> Problem:
Write the listing below out again exactly, though only as far as the line with "Dansk® kobenstyle red", which is included.

******

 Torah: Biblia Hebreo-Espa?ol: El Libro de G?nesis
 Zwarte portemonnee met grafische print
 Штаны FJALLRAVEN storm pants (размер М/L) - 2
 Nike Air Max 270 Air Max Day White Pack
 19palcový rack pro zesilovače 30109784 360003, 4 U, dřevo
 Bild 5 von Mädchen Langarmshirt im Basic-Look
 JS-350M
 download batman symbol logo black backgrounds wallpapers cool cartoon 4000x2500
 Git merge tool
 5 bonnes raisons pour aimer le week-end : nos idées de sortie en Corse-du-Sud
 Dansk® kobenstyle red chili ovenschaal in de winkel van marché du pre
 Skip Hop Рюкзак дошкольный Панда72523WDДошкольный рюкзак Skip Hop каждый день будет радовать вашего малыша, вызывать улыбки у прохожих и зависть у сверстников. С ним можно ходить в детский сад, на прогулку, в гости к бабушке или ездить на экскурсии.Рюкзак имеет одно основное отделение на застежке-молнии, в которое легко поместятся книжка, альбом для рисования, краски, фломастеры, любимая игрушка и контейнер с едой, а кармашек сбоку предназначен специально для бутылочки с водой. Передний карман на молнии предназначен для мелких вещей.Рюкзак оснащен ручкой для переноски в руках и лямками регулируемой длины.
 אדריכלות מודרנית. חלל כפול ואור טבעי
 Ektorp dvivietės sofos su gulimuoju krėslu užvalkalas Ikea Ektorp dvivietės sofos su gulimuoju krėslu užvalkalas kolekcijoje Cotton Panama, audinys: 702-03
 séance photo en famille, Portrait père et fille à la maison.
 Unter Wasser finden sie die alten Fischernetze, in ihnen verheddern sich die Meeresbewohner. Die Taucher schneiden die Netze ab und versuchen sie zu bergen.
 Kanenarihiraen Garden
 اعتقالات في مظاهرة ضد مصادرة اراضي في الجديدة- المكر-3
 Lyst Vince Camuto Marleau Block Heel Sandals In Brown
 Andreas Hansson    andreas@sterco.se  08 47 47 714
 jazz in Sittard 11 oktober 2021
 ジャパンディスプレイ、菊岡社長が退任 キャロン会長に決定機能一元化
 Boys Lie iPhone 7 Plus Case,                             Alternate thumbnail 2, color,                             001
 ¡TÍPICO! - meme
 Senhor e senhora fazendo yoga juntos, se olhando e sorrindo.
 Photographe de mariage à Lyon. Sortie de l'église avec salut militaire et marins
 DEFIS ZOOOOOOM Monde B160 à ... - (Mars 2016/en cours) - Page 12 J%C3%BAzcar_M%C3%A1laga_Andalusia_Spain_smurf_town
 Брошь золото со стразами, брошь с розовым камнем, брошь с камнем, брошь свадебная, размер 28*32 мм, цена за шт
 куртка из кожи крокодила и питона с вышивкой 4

******

> Worked solution:
 Torah: Biblia Hebreo-Espa?ol: El Libro de G?nesis
 Zwarte portemonnee met grafische print
 Штаны FJALLRAVEN storm pants (размер М/L) - 2
 Nike Air Max 270 Air Max Day White Pack
 19palcový rack pro zesilovače 30109784 360003, 4 U, dřevo
 Bild 5 von Mädchen Langarmshirt im Basic-Look
 JS-350M
 download batman symbol logo black backgrounds wallpapers cool cartoon 4000x2500
 Git merge tool
 5 bonnes raisons pour aimer le week-end : nos idées de sortie en Corse-du-Sud
 Dansk® kobenstyle red chili ovenschaal in de winkel van marché du pre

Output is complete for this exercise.